VISTOS por esta Sección Primera de la Ilma. Audiencia Provincial de Valladolid, en grado de apelación, los autos de Juicio ordinario nº 410/2013 del Juzgado de 1ª Instancia nº 6 de Valladolid, seguido entre partes, de una como DEMANDANTE- APELANTE: SOCIEDAD MUNICIPAL SUELO Y VIVIENDA DE VALLADOLID S.L con domicilio social en Valladolid, representado por la Procuradora Dª Laura Sánchez Herrera y defendido por el letrado D. Javier Aguado Zárraga, y como DEMANDADO-APELADO: LESAFRE IBERICA S.A, con domicilio social en Valladolid, representado por el Procurador Don Julio César Samaniego Molpeceres y defendido por el letrado Don José-Ramón Casado Valderrábano ; sobre reclamación de cantidad.
Antecedentes
PRIMERO.- Se aceptan los antecedentes de hecho de la resolución recurrida.
SEGUNDO.- Seguido el litigio en cuestión por sus trámites legales ante el Juzgado de Primera Instancia de referencia, con fecha 27-09-2013, se dictó sentencia cuyo fallo dice así: 'Que desestimando la demanda formulada por la representación de SOCIEDAD MUNICIPAL DEL SUELO Y VIVIENDA DE VALLADOLID S.L. contra LESAFRE IBÉRICA S.A. debo absolver y absuelvo al mencionado demandado de los pedimentos de la misma, con condena en costas al demandante.'
TERCERO.- Notificada a las partes la referida sentencia, por la representación de Sociedad Municipal Suelo y Vivienda de Valladolid S.L se interpuso recurso de apelación dentro del término legal alegando lo que estimó oportuno. Por la parte contraria se presentó escrito de oposición al recurso. Recibidos los autos en este Tribunal y personadas las partes, se señaló para deliberación, votación y fallo el día 12 de febrero de 2014, en que ha tenido lugar lo acordado.
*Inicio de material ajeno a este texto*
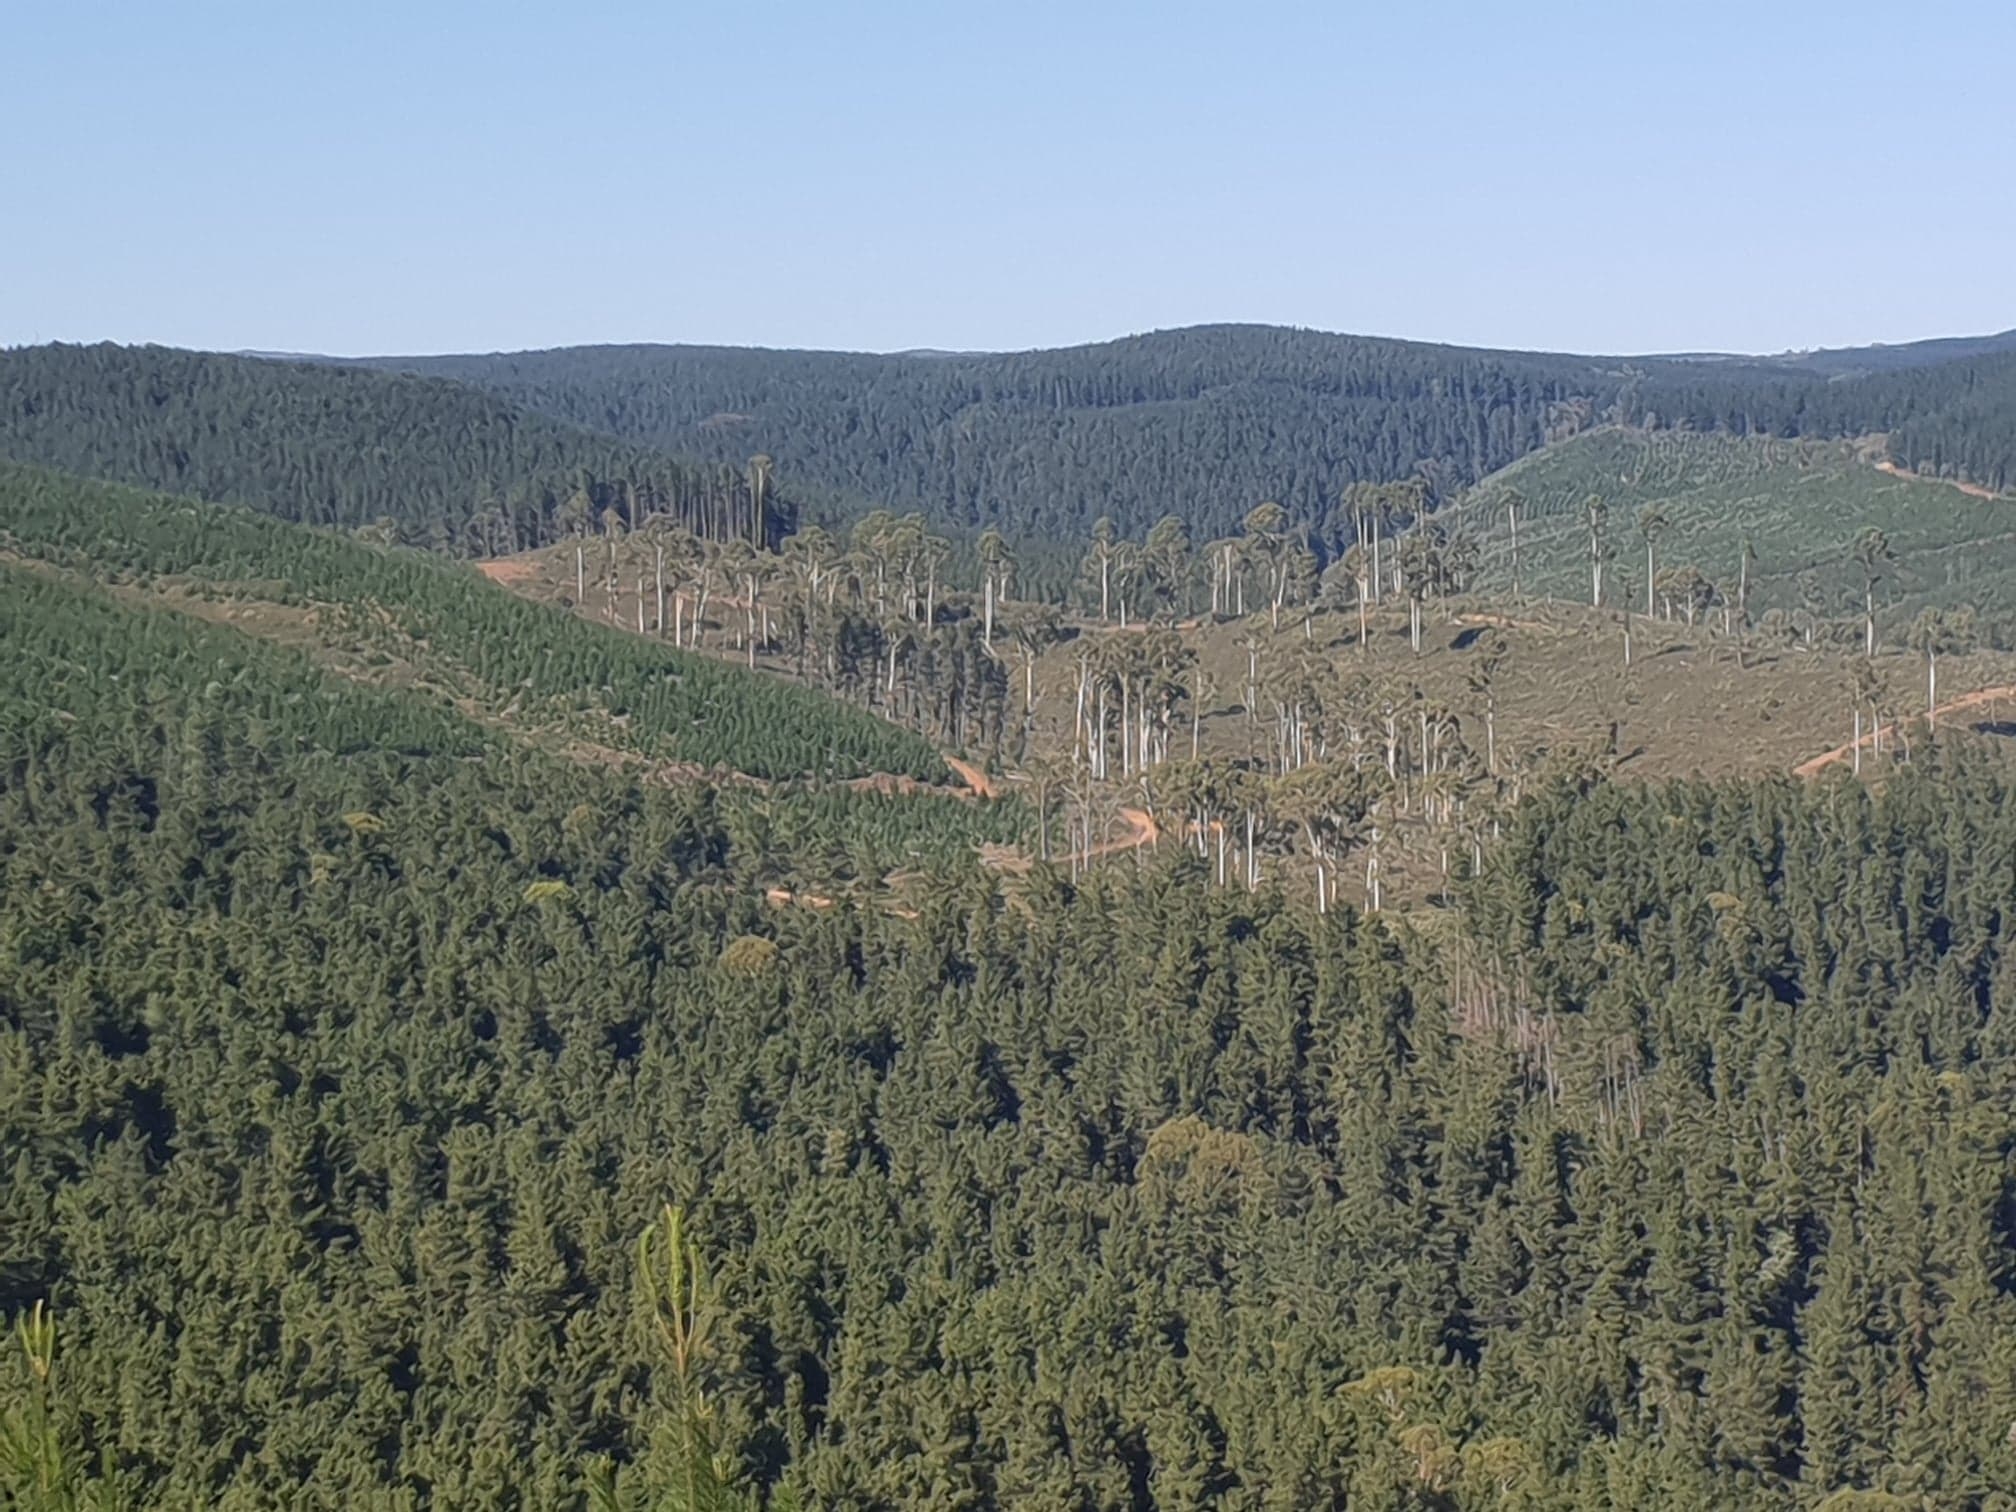 Bago forest

Vistos, siendo ponente DON JOSE ANTONIO SAN MILLÁN MARTÍN.
Fundamentos
PRIMERO.- Dictada Sentencia por el Juzgado de 1ª Instancia Nº 6 de Valladolid de fecha de 27-9-13 , que desestima la reclamación de cantidad, importe total de 935.862,97 €, deducida en demanda formulada por la entidad Sociedad Municipal de Suelo y Vivienda de Valladolid, S.L., recurre ante esa Sala, en segunda instancia, insistiendo y considerando pertinente su demanda en tanto en cuanto resulta fundamentada en lo prevenido en la cláusula 3ª del contrato suscrito entre las partes (de entre otros) de fecha de 21-7-08, que correctamente interpretado, obliga a esa entidad demandada a la devolución, con cargo a las cantidades ya percibidas por la misma por consecuencia del desarrollo parcial del contrato de referencia, de la suma de 1.300.000 €, que determinan la presente reclamación, deducidas las 364.137,03 €, estimados por los costes de retirada de escombros y relleno de zahorra previstos en el contrato y de cargo de la actora.
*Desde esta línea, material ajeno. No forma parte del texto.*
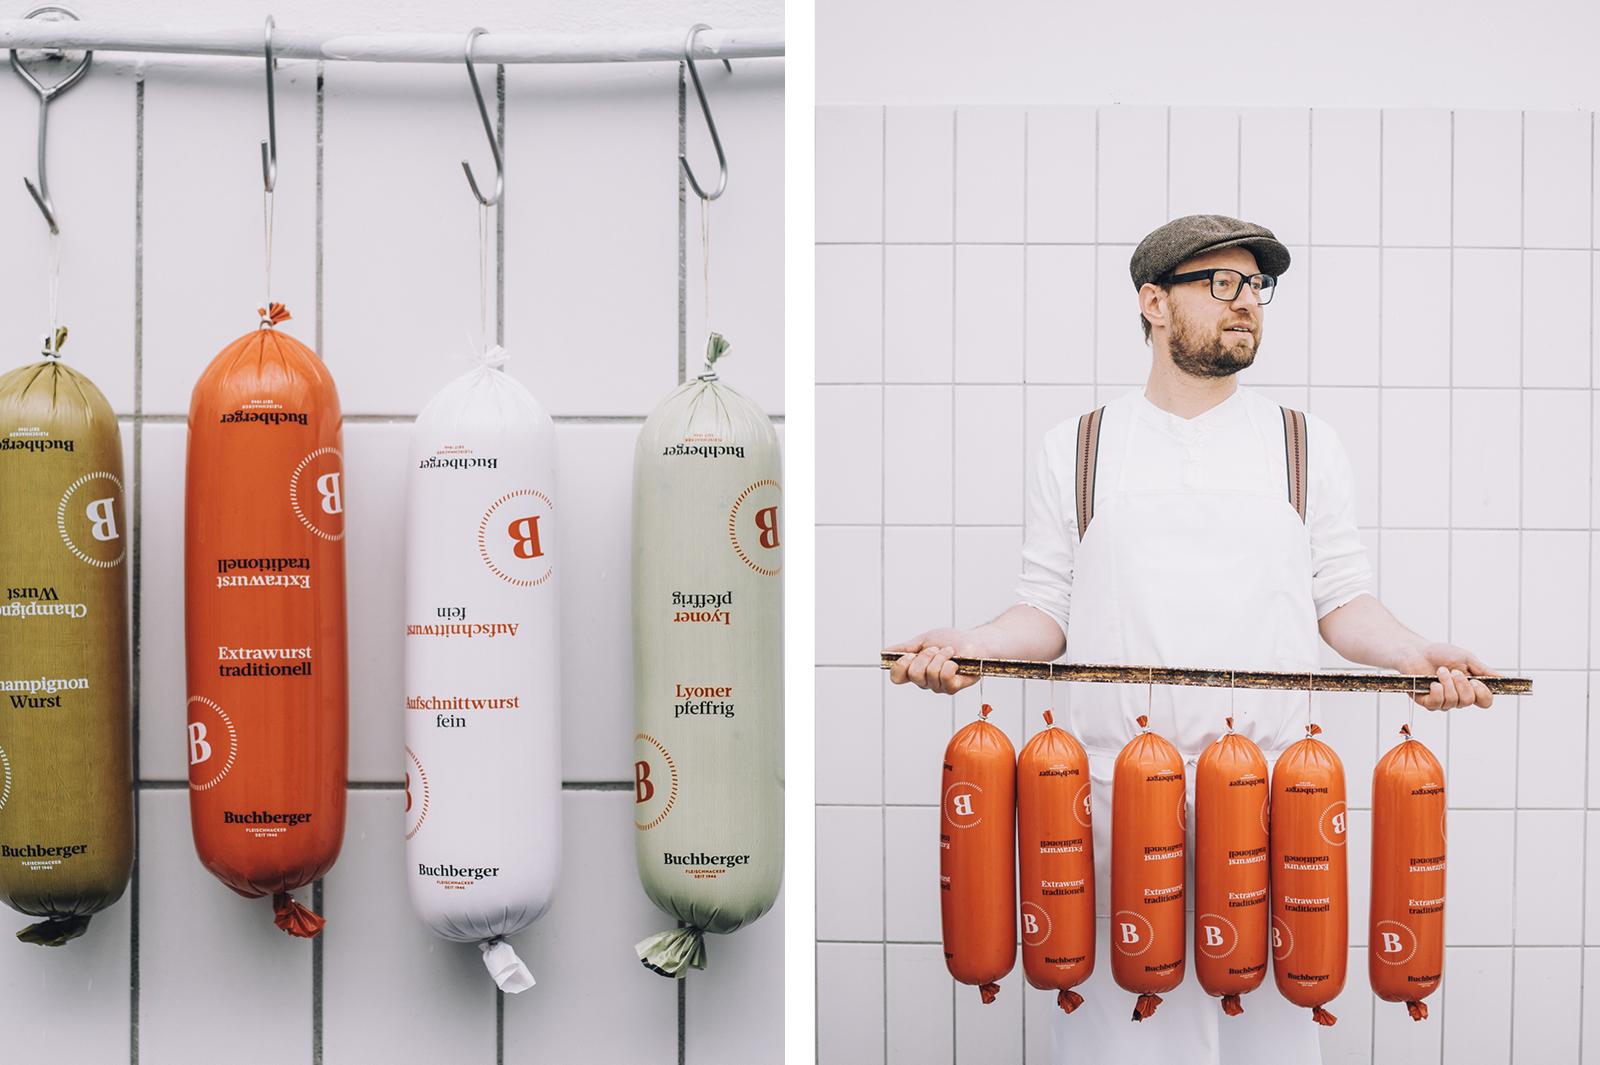 Buchberger butcher shop branding and identity design by Riebenbauer

SEGUNDO.- Efectivamente, la cuestión neurálgica a tratar en autos deriva de la correcta interpretación que deba hacerse de la cláusula 3ª del contrato suscrito entre las partes de fecha de 21-7-08, que trae causa de otros anteriores suscritos entre mismas partes: inicial firma de la demandada con el Ayuntamiento de Valladolid de un Protocolo de Colaboración, dentro del Programa de Reubicación de Empresas, (29-11-06), contrato de 5-2-07 para la adquisición, por parte de la demandante a la demandada de sus terrenos industriales en Callejón de la Alcoholera (Valladolid), importe de 52.530.293 € más IVA, con desmantelamiento de su Industria y descontaminación y su reubicación en la finca adquirida de la antigua fábrica de Nicas en Avda de Burgos (Valladolid), contrato de modificación de fecha de 31-1-08, sobre aspectos relativos a la forma de pago del precio convenido, trabajos a realizar en las fincas,...y firma finalmente del contrato de concesión del derecho de opción de compra para la actora de 21-7-08, que incluye la cláusula de controversia en autos.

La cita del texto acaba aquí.